1. But as regards the persecution which prevailed so fiercely in his reign, and the sufferings which Dionysius with others endured on account of piety toward the God of the universe, his own words shall show, which he wrote in answer to Germanus, 1 a contemporary bishop who was endeavoring to slander him. His statement is as follows:
2. "Truly I am in danger of falling into great folly and stupidity through being forced to relate the wonderful providence of God toward us. But since it is said 2 that it is good to keep close the secret of a king, but it is honorable to reveal the works of God,' 3 I will join issue with the violence of Germanus.
3. I went not alone to Æmilianus; 4 but my fellow-presbyter, Maximus, 5 and the deacons Faustus, 6 Eusebius, 7 and Chaeremon, 8 and a brother who was present from Rome, went with me.
4. But Æmilianus did not at first say to me: Hold no assemblies;' 9 for this was superfluous to him, and the last thing to one who was seeking to accomplish the first. For he was not concerned about our assembling, but that we ourselves should not be Christians. And he commanded me to give this up; supposing if I turned from it, the others also would follow me.

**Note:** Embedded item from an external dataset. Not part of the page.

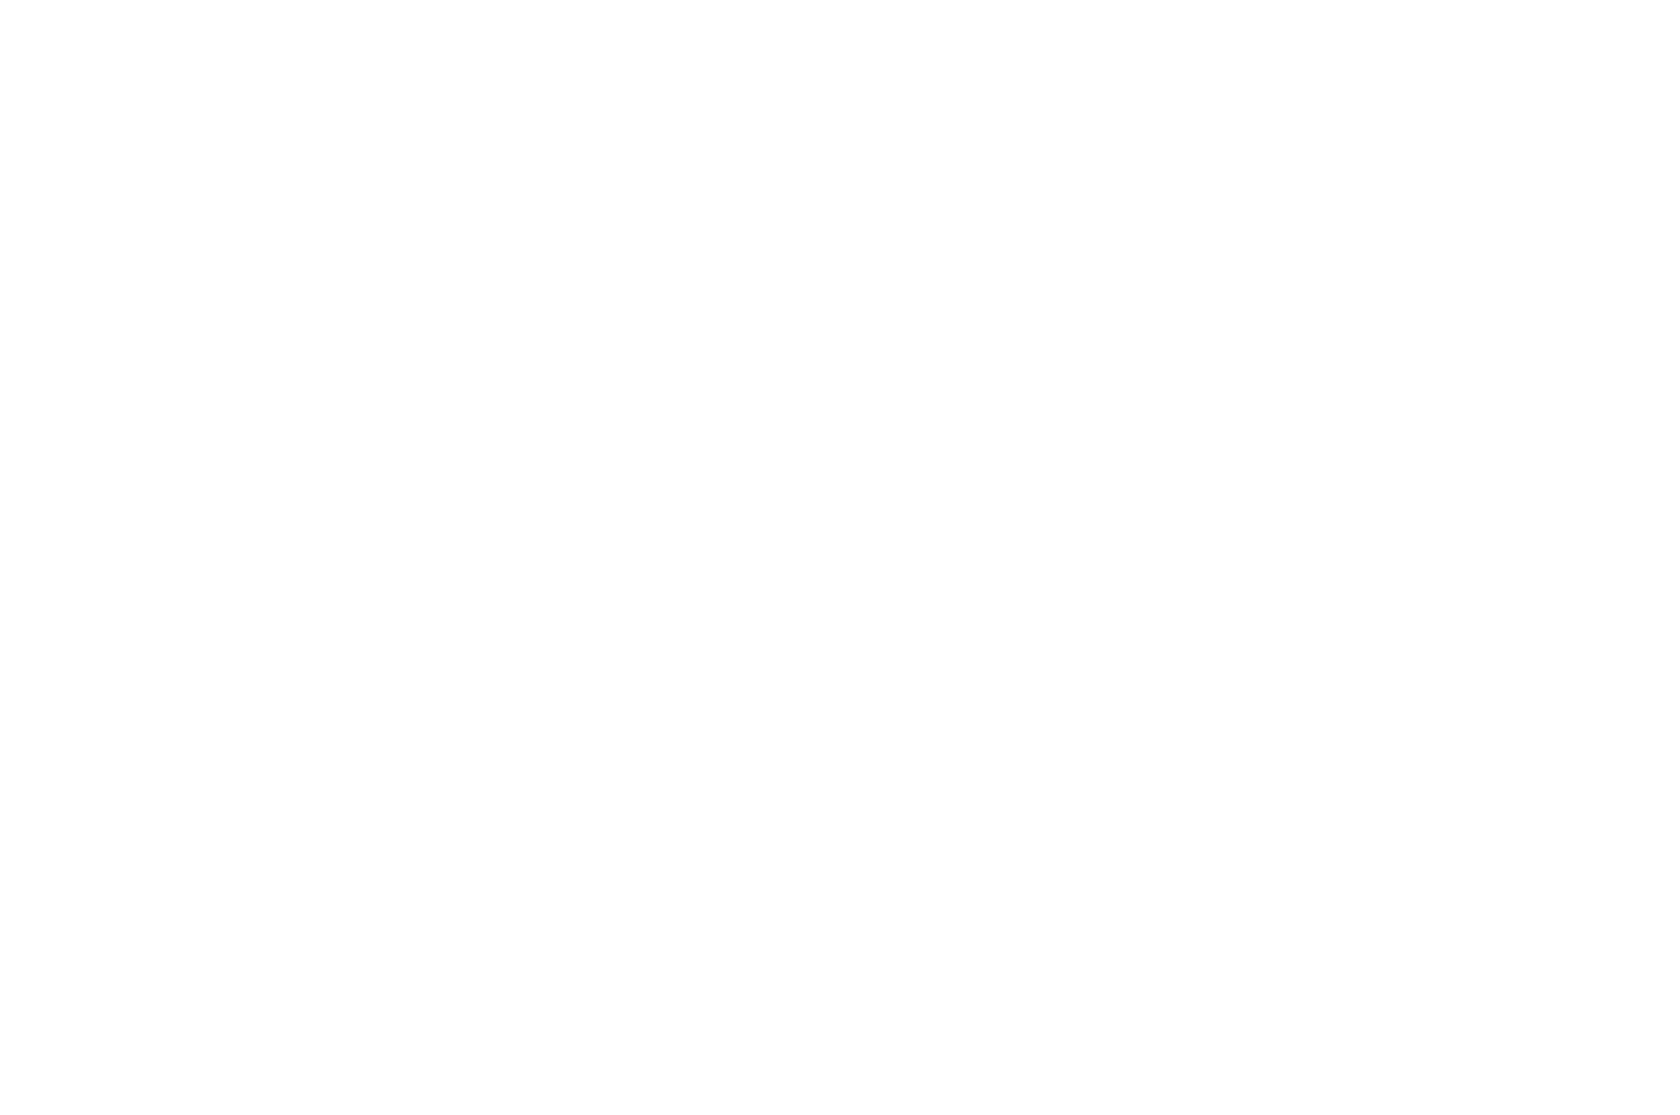 Рестайлинг айдентики Beesender. Примеры использования горизонтального и вертикального вариантов логотипа
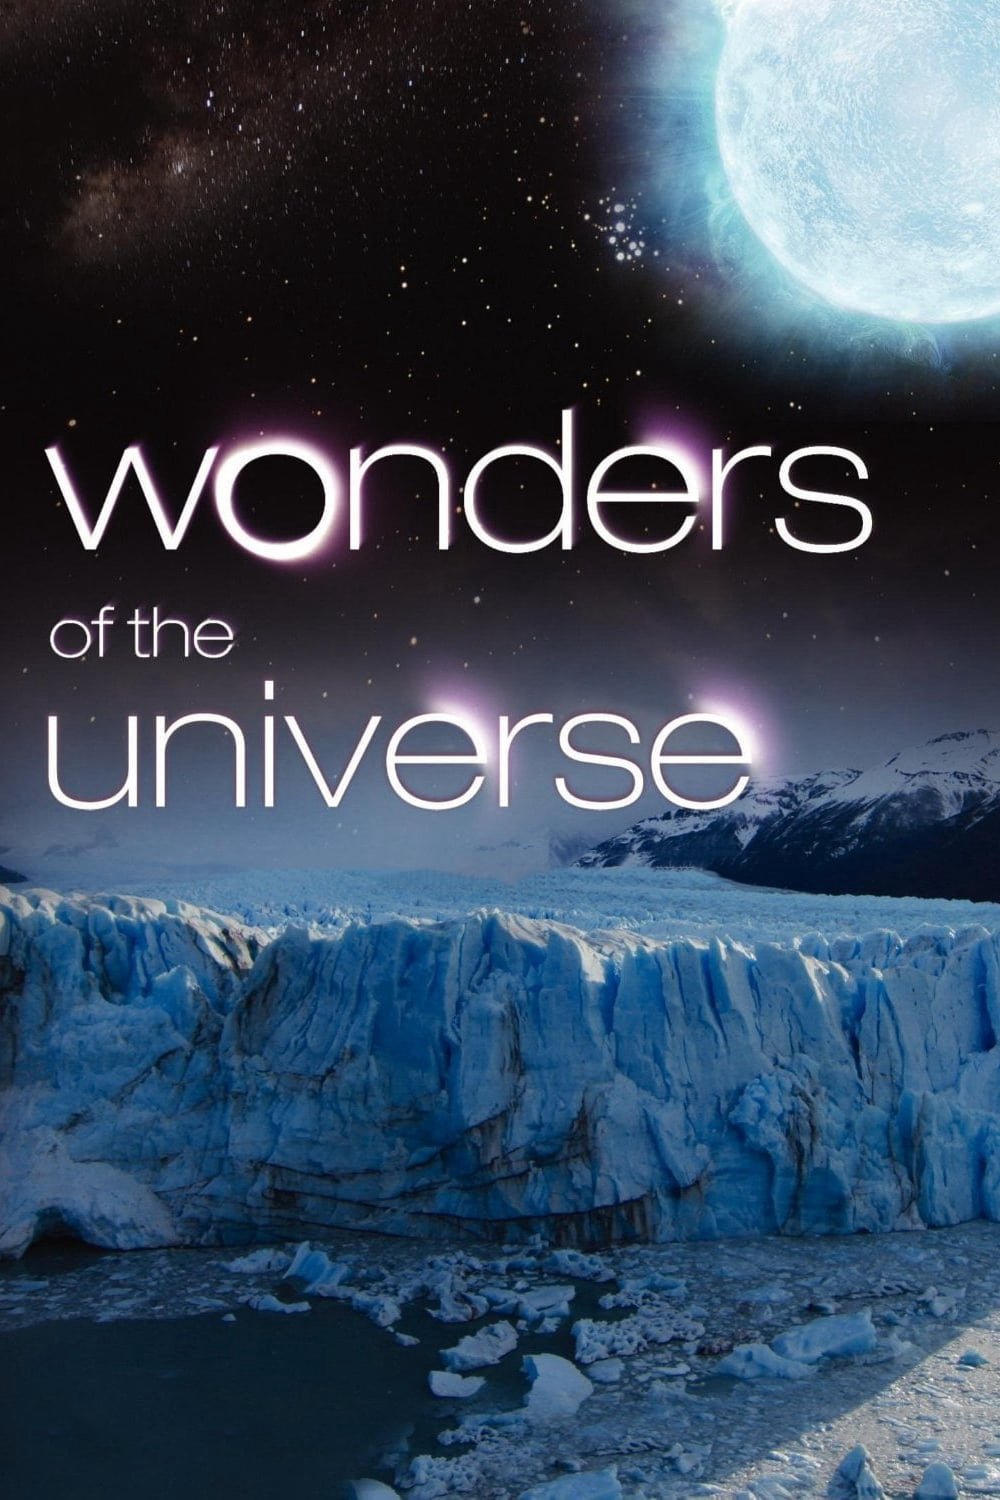 Wonders of the Universe (Wonders of the Universe) [2011]

5. But I answered him, neither unsuitably nor in many words: We must obey God rather than men.' 10 And I testified openly that I worshiped the one only God, and no other; and that I would not turn from this nor would I ever cease to be a Christian. Thereupon he commanded us to go to a village near the desert, called Cephro. 11
6. But listen to the very words which were spoken on both sides, as they were recorded: "Dionysius, Faustus, Maximus, Marcellus, 12 and Chaeremon being arraigned, Æmilianus the prefect said:
7. I have reasoned verbally with you concerning the clemency which our rulers have shown to you; for they have given you the opportunity to save yourselves, if you will turn to that which is according to nature, and worship the gods that preserve their empire, and forget those that are contrary to nature. 13 What then do you say to this? For I do not think that you will be ungrateful for their kindness, since they would turn you to a better course.'
8. Dionysius replied: Not all people worship all gods; but each one those whom he approves. We therefore reverence and worship the one God, the Maker of all; who hath given the empire to the divinely favored and august Valerian and Gallienus; and we pray to him continually for their empire that it may remain unshaken.'
9. Æmilianus, the prefect, said to them: But who forbids you to worship him, if he is a god, together with those who are gods by nature. For ye have been commanded to reverence the gods, and the gods whom all know.' Dionysius answered:
10. We worship no other.' Æmilianus, the prefect, said to them: I see that you are at once ungrateful, and insensible to the kindness of our sovereigns. Wherefore ye shall not remain in this city. But ye shall be sent into the regions of Libya, to a place called Cephro. For I have chosen this place at the command of our sovereigns, and it shall by no means be permitted you or any others, either to hold assemblies, or to enter into the so called cemeteries. 14
11. But if any one shall be seen without the place which I have commanded, or be found in any assembly, he will bring peril on himself. For suitable punishment shall not fail. Go, therefore where ye have been ordered.'
"And he hastened me away, though I was sick, not granting even a day's respite. What opportunity then did I have, either to hold assemblies, or not to hold them?" 15
12. Farther on he says: "But through the help of the Lord we did not give up the open assembly. But I called together the more diligently those who were in the city, as if I were with them; being, so to speak, 16 absent in body but present in spirit.' 17 But in Cephro a large church gathered with us of the brethren that followed us from the city, and those that joined us from Egypt; and there God opened unto us a door for the Word.' 18
13. At first we were persecuted and stoned; but afterwards not a few of the heathen forsook the idols and turned to God. For until this time they had not heard the Word, since it was then first sown by us.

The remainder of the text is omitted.